Venice, which had seemed safe enough while I knew the freeman
Ramiro Carrasco’s location and temper, seemed dangerous now.
I thought there might also be an outside chance that, as a slave, he
could still be able to hire men to kill me. But given the risk to his
extended family back in Taraconensis; I doubted he would attempt that.
But . . . I have no idea who else is here from Taraconensis. Who may
be on the road here, of docking on a ship this minute . . .
No one knocked on my door. Honorius and Rekhmire’ both knew me
better than to think I would want companions. I curled up in the window
embrasure, taking charcoal to a wooden board, and rubbing out
everything I drew that I was unsatisfied with. Which was everything.

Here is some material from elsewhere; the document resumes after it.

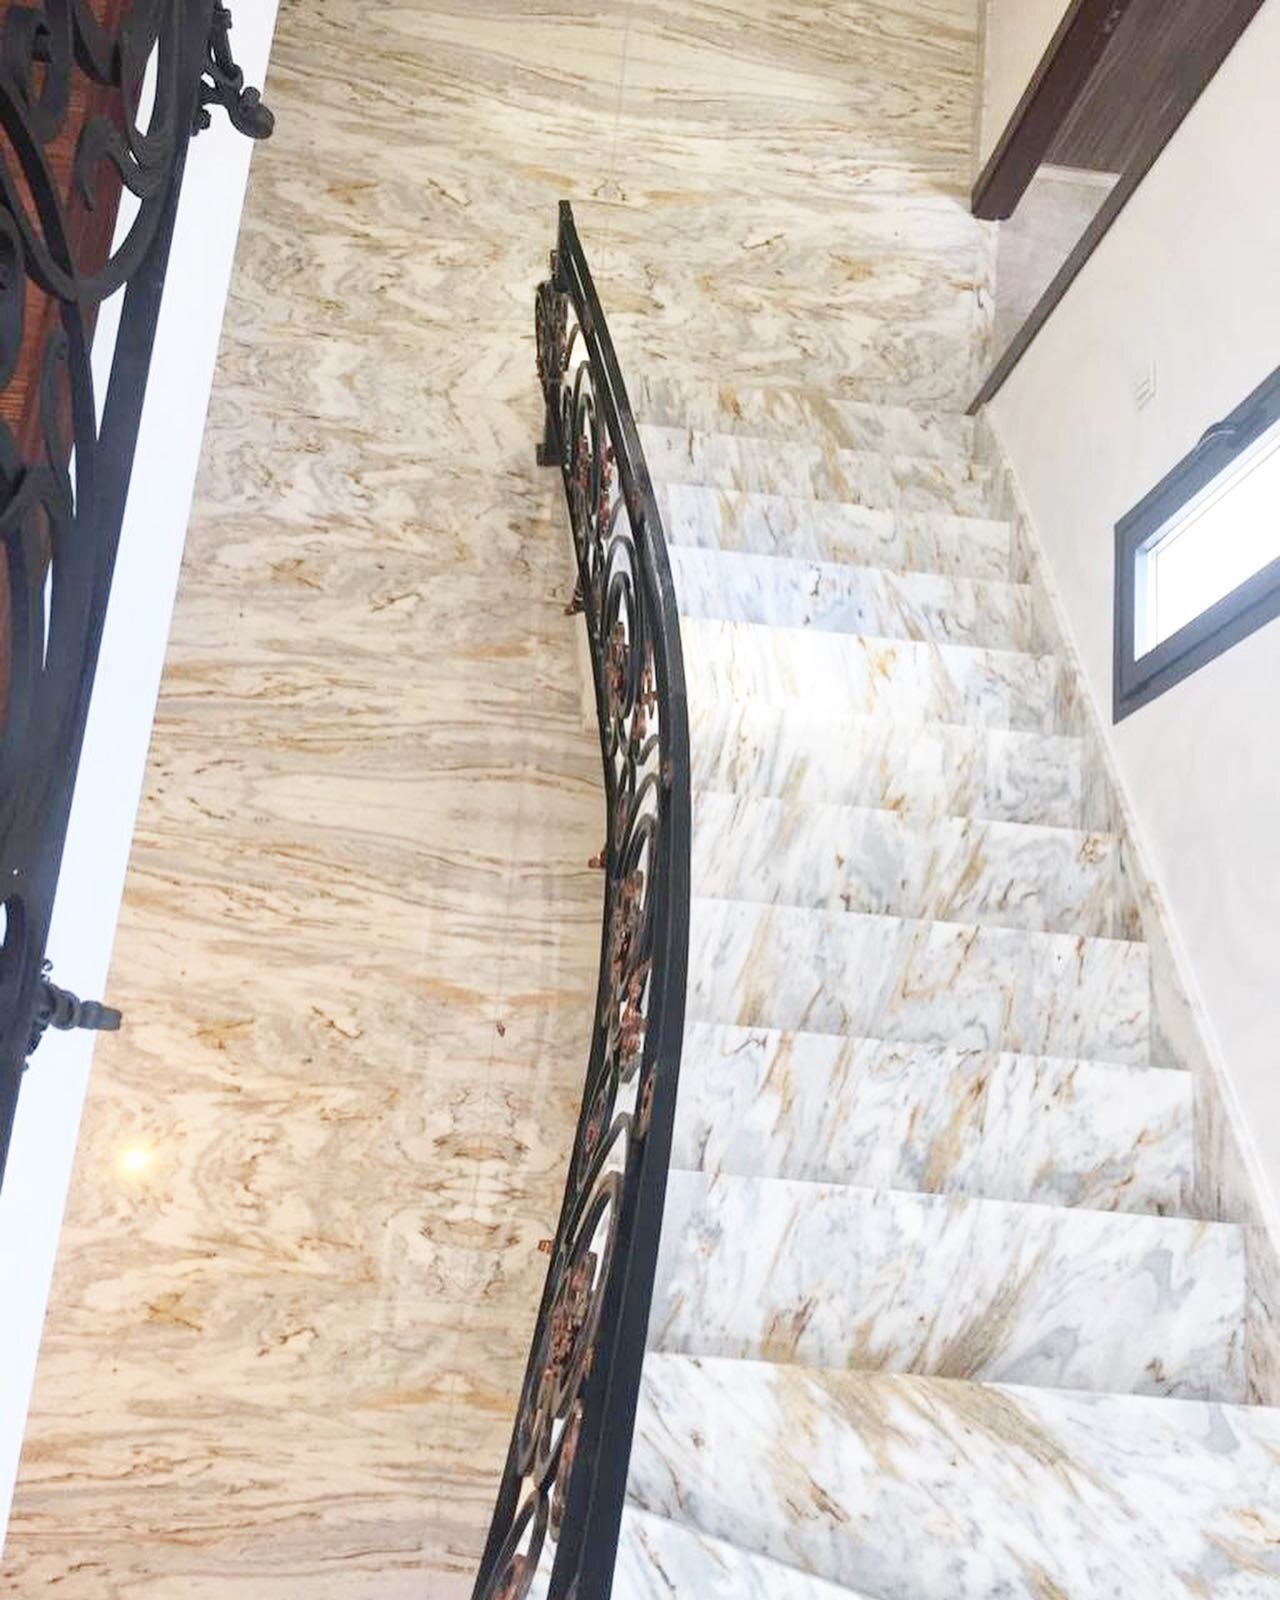 Esta escalera es de Blanco Calacata, es un material elegante y exclusivo, el cual sale de las canteras de Macael, en Almer&iacute;a. 
Un gran producto nacional. 

#marmol #marmolistas #marmolnacional #dise&ntilde;odeinteriores #casasbonitas #escalera

Proportion, value, perspective: all eluded me.
Some time towards the evening, when the dusk came swiftly down, a
servant brought a plate of food and a jug and cup. Not until I caught his
individual way of moving in peripheral vision did I realise it was not a servant, but Ramiro Carrasco de Luis.
Not a servant but a slave.
I put the drawing-board down and stretched my legs, uncurling out of
my seated position with spine to the wall. The secretary-assassin stood
by the table, food abandoned, his expression awkward. I wondered why
he was so ill at ease; whether I should be suspicious.